Ridge Structure associated with the Near-Side Jet in the (Delta phi)-(Delta eta) Correlation

TL;DR

This paper explains the ridge structure in near-side jet correlations in heavy-ion collisions using the momentum kick model, suggesting it can probe the parton momentum distribution and temperature at the collision moment.

Contribution

It introduces the momentum kick model as a mechanism for the ridge structure, linking it to medium partons and their properties during jet-parton collisions.

Findings

Ridge structure can be explained by medium partons receiving a momentum kick.

Parton temperature at collision is slightly higher than at the end of the collision.

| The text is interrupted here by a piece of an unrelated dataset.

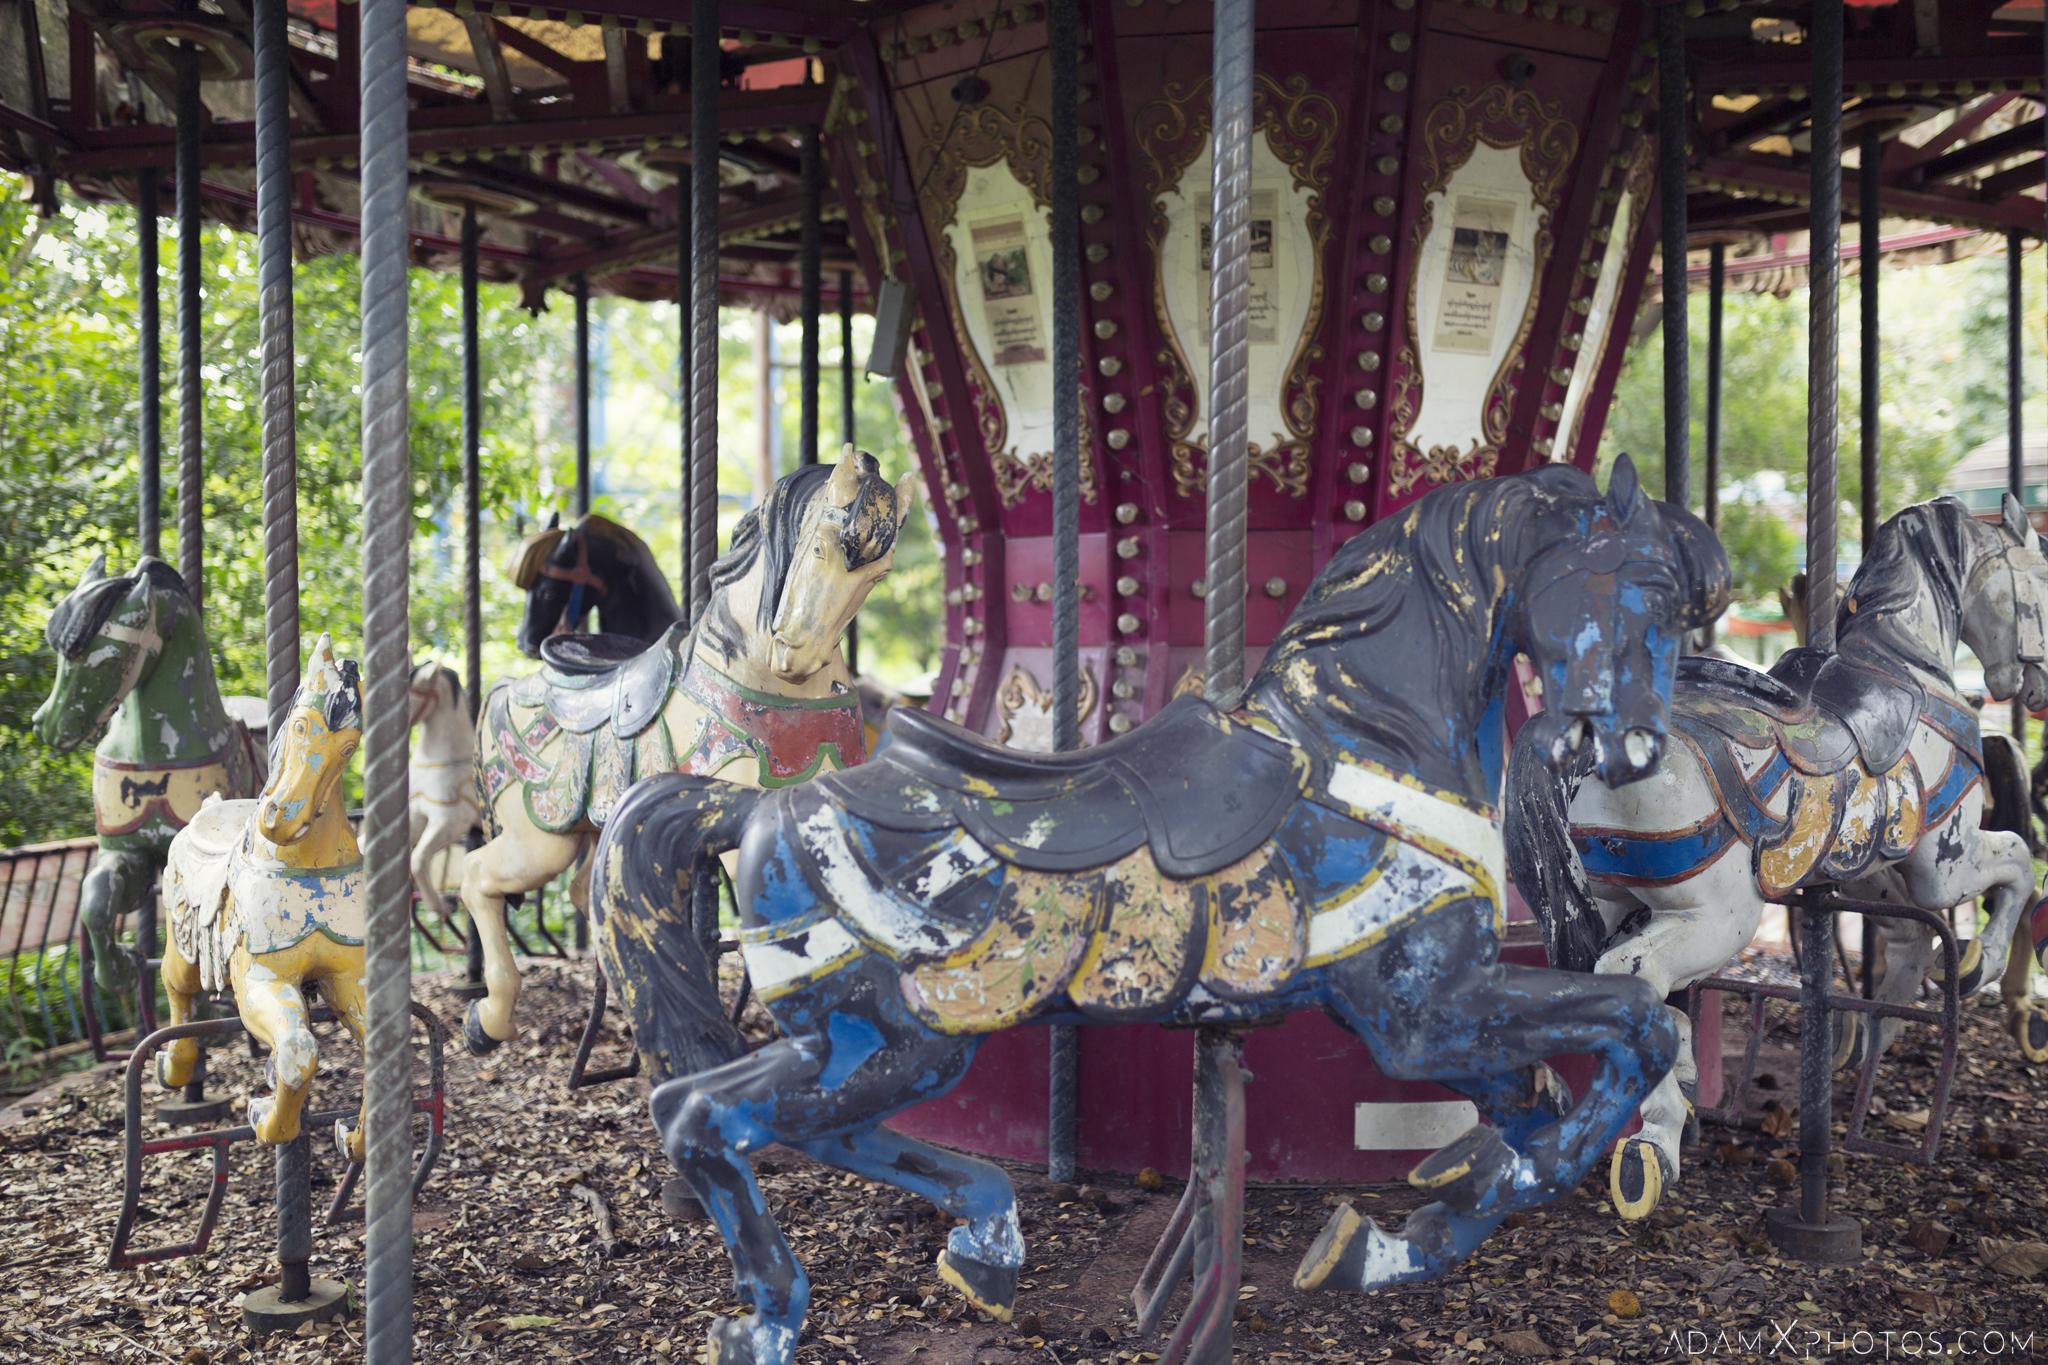 Horses carousel ride Happy World Theme Park Amusement Park Fairground Myanmar Burma Yangon Rangoon Urbex Adam X Urban Exploration Access 2016 Abandoned decay lost forgotten derelict location creepy haunting eerie

Rapidity width of partons is substantially greater at the collision moment.

Abstract

In the (Delta phi)-(Delta eta) correlation associated with a near-side jet observed by the STAR Collaboration in heavy-ion collisions at RHIC [Ref. 1-6], the ridge structure can be explained by the momentum kick model in which the ridge particles are identified as medium partons which suffer a collision with the jet and acquire a momentum kick along the jet direction. If this is indeed the correct mechanism, the ridge structure associated with the near-side jet may be used to probe the parton momentum distribution at the moment of the jet-parton collision, leading to the result that at that instant the parton temperature is slightly higher and the rapidity width substantially greater than corresponding quantities of their evolution product inclusive particles at the end point of the nucleus-nucleus collision.